Why “deferred action” isn’t enough

—Michael A. Olivas

Tens of thousands of undocumented students are making their way through college without federal financial support and with little state financial aid available—only to find that they cannot accept employment or enter the professions for which they have trained. Cases of undocumented law-school graduates who have passed the bar are surfacing in California, Florida, and New York, and more will soon surface in other fields, too, as unauthorized students graduate from college. Seeing this brick wall, a number of immigration law professors wrote a letter to the president, urging him to use the administrative discretion available to him, to help undocumented college students who find themselves in the worst of all possible worlds. It appears this call was heard when, in June 2012, President Obama announced an expansive Deferred Action for Childhood Arrivals (DACA) policy, which is still in the implementation first phases.

Unfortunately, despite the excitement (and outrage from President Obama’s Republican opponents), this policy is not the stalled DREAM Act, which would have created a path to citizenship for some immigrants who came to the U.S. as children. The President’s courageous decision could not have accorded any more than he did, as any true reform will have to come from Congress, which has been reluctant to take up even the modest DREAM Act, much less the more comprehensive immigration reform so needed.
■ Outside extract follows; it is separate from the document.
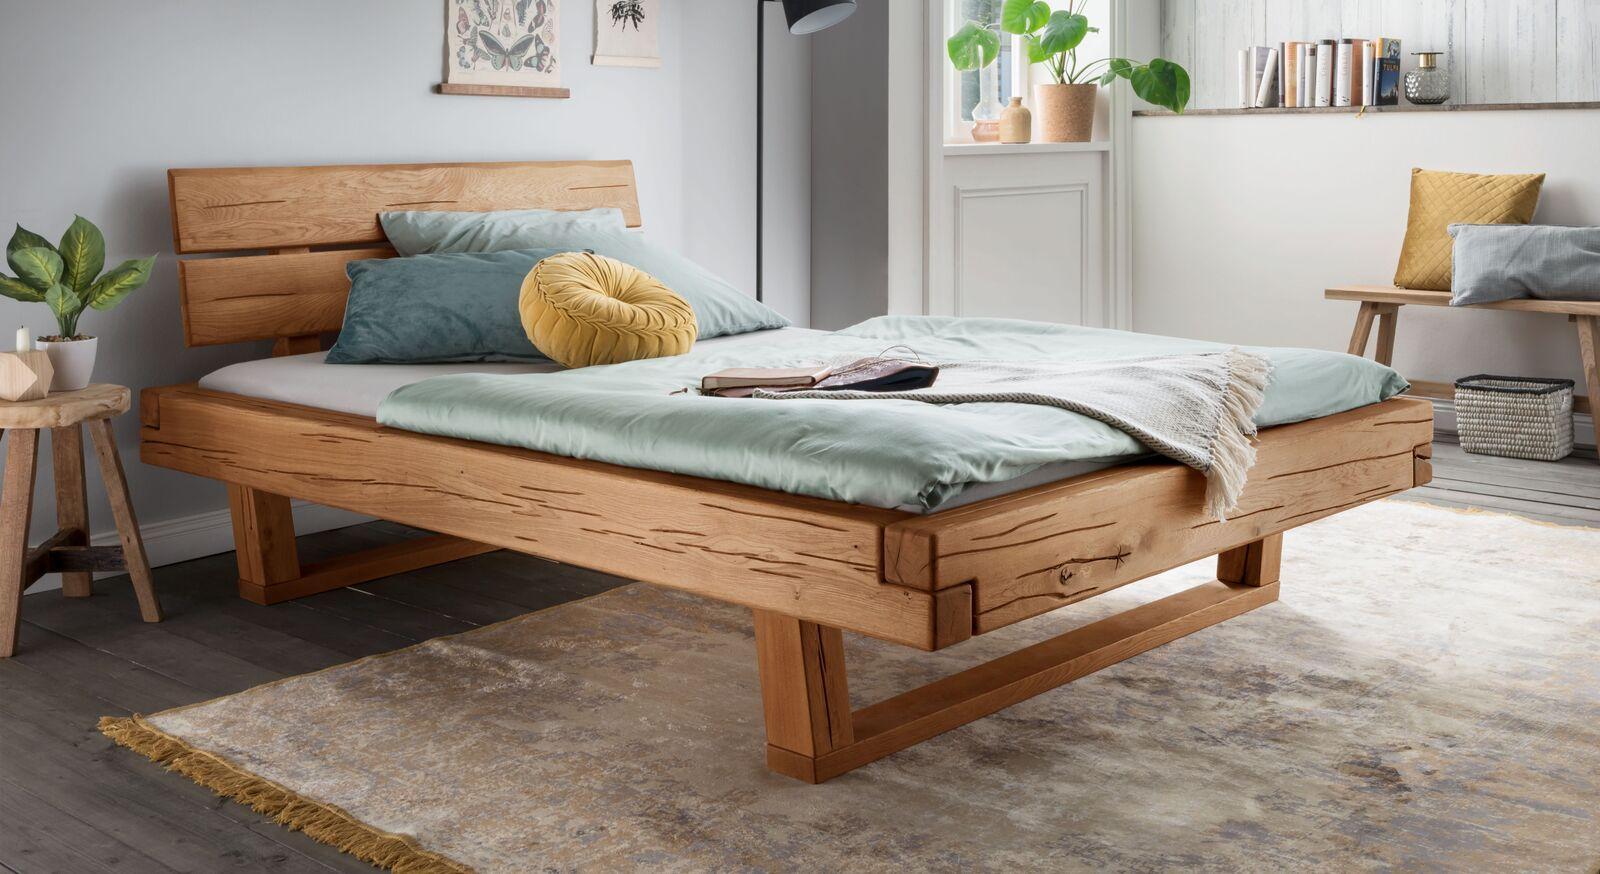 Bett Rigolato aus hochwertigem Massivholz
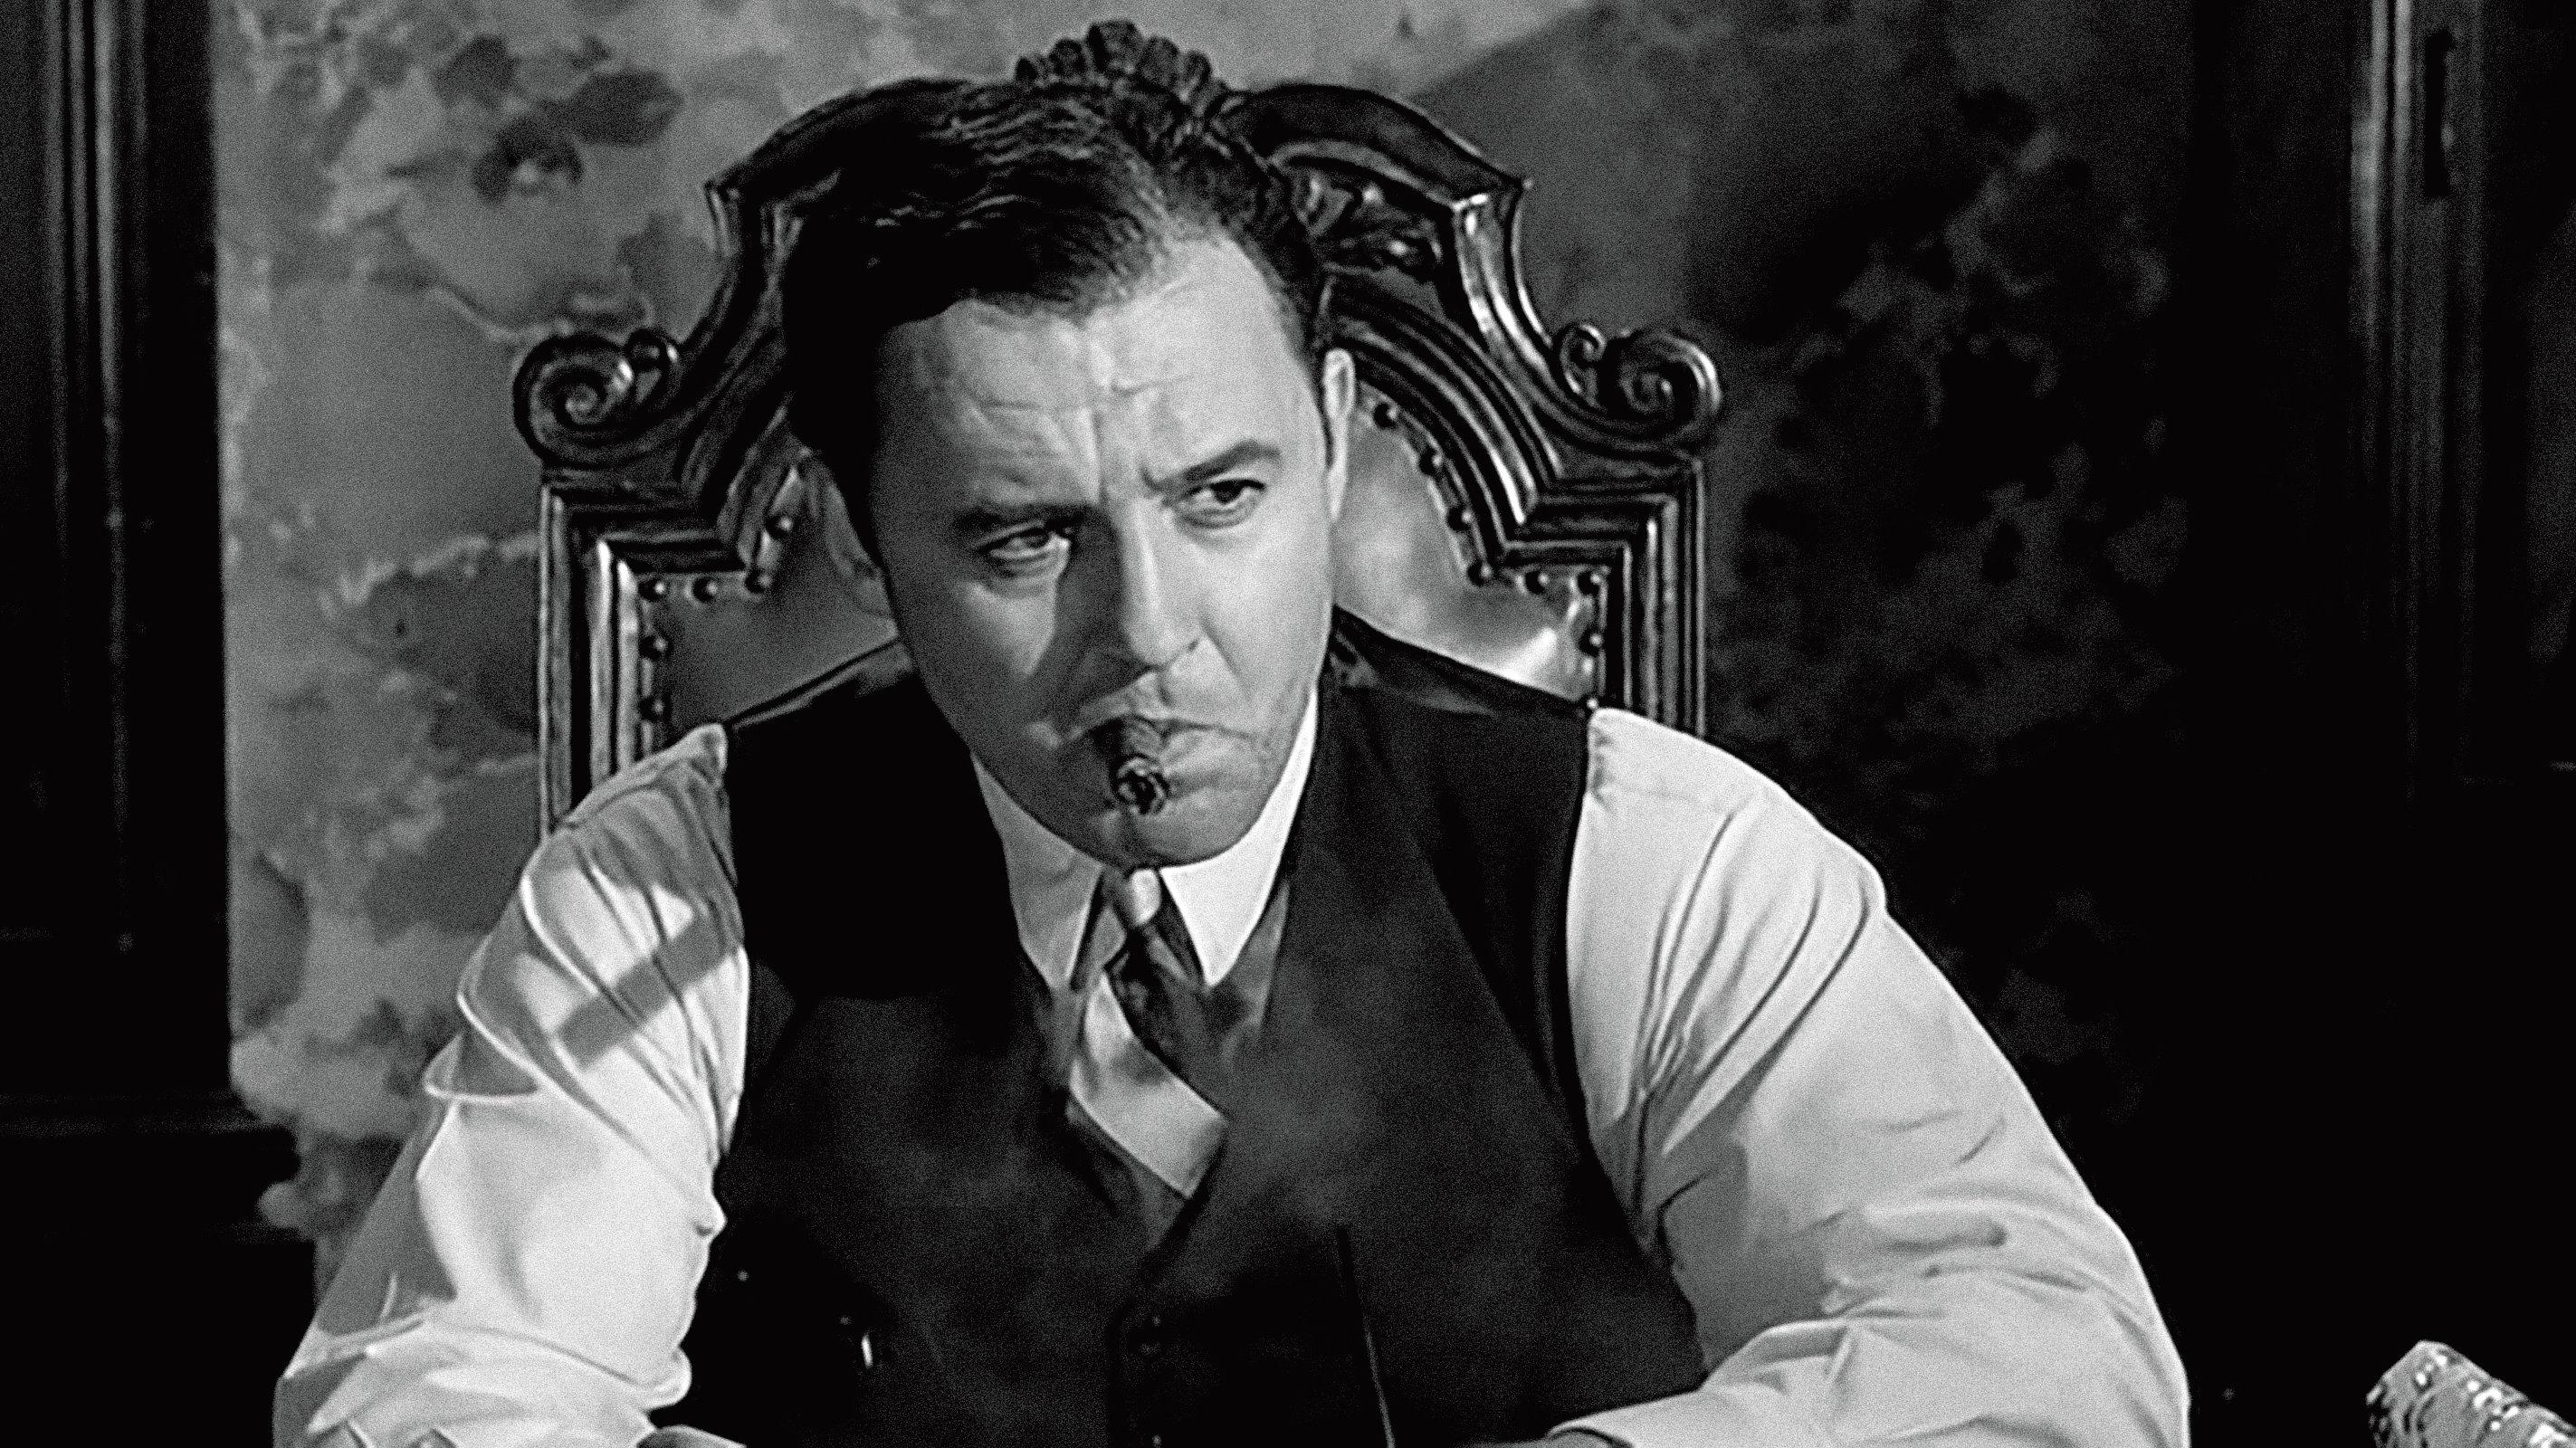 Rod Steiger in Al Capone

Gov. Mitt Romney has indicated his determination to veto any version of the DREAM Act, and the 2012 GOP platform urges deportation of these students. In reality, the President’s adoption of a “deferred action” policy is, to a great extent, old wine in a new wineskin. The policy does not grant legal-residency status, as the DREAM Act would, but only defers deportation for a renewable two-year period. Announcing the policy shows new political will, but it does not change existing law or create additional discretion.

Forms of prosecutorial discretion, including deferred action, have been available for many years (originating in the John Lennon deportation case, in the early 1970s). Nothing substantive has been added to existing authority. Indeed, in June 2011, the government announced that it would focus on deporting known criminals (the “gangbangers” as President Obama referred to them in a recent debate)—and urged prosecutors to use their discretion in considering the cases of students who would qualify for the DREAM Act. DACA has made regular provisions for these students to receive work authorization. Bear in mind, too, that this administration removed and deported nearly 400,000 unauthorized immigrants in the previous year. Even with those metrics, and the militarization of the U.S.-Mexico border, those who would further restrict immigration are not convinced that there has been enough enforcement—and see deferred action as a threat to the present situation. In August 2012, CIS employees filed suit to end DACA. There is a new application procedure, a good thing, and many details yet to be determined.

Deferred action is a vague and confusing process—and it will probably lead to unscrupulous notarios entering the picture. Under current regulations, individuals whose case has been deferred are eligible to receive employment authorization, provided he or she can demonstrate “an economic necessity for employment.” Deferred action can be terminated or renewed at any time at the discretion of the Department of Homeland Security. Many potential DREAMers will be hesitant to apply and “out” themselves to authorities, even in exchange for employment authorization, if the President is not re-elected. The delays occasioned by schools being overwhelmed with transcript requests make it clear that this has been a complicated and expensive process, one with uncertain contours. History may be on the side of the DREAMers, but they still find themselves in a cruel limbo not of their making, and with no clear way out of the thicket. This is a movement forward, and the program will transform many of the students’ lives for the better. But only the adults in Congress taking up immigration reform will truly serve their interests, and that of society.

Thirty years after the Supreme Court told us that undocumented immigrants deserve an education (Plyler v. Doe, 1982), we have yet to resolve this impasse. Deferred action is a step in the right direction, but until more cases are cleared and these students can take up work, it will be a program fraught with potential. While these students’ chances of being deported may be reduced, without employment authorization and a reasonable opportunity to regularize their status, they will still live in the shadows—with limited hope.

Michael A. Olivas is Professor of Law, University of Houston, and the author of No Undocumented Child Left Behind (NYU Press, 2102).